Scott Monfort, South Carolina peanut specialist with Clemson University, says the growing season in his state started off with high temperatures and spotty rain showers, but quickly turned favorable.

“With the season being wetter and cooler than normal for South Carolina, the peanut crop developed without a hitch into one of the best looking peanut crops South Carolina growers have seen in several years,” he says.

Even so, Monfort says, many growers were subjected to aboveaverage soilborne disease problems from cylindrocladium black rot and southern stem rot (white mold) all season long and tomato spotted wilt virus and late leaf spot late in the season.

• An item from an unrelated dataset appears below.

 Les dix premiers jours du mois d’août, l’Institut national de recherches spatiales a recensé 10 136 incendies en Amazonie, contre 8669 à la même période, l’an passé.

“Many growers were forced to apply one or two more fungicide applications than normal because of the elevated disease pressure,” he says.

With about half of the crop harvested, Monfort says, reports from growers and peanut buying points were that yields were 10 to 15 percent higher compared to last year with initial grades being in the high 60s to low 70s for Virginia and runner-type peanuts.

South Carolina producers increased acreage in the state to a record 104,995 acres in 2012. Further investment in peanut production in the state could be found in the purchasing of equipment, building of new buying points and the expansion of storage at several existing buying points.

Few Problems To Reduce Yield

In many areas of the Virginia-Carolinas, Maria Balota, assistant professor of crop physiology at the Virginia Tech’s Tidewater research center, says that disease was not as much of a concern this year.

“The majority of acreages are with Bailey and Sugg, and only a few have Phillips, Perry and CHAMPS. In several fields at the research station and at several locations in Virginia and North Carolina, where we have plots this year, disease on CHAMPS, Titan, Phillips, Perry and all other cultivars was hard to find,” she says.

Balota reports less pressure from thrips this year, but a lot more problems with worms and a fertility issue.

“We saw manganese deficiency developing in early to mid-September,” she says. “This was because of too much rain washing away the manganese and too much vine growth requiring more manganese.

“Manganese could have been applied for a third time in mid-to late August to take care of this problem. However, taking into account that a lot of biomass was produced this year holding the green color and only the very young leaves were getting yellow, I believe it was not a problem for yield.”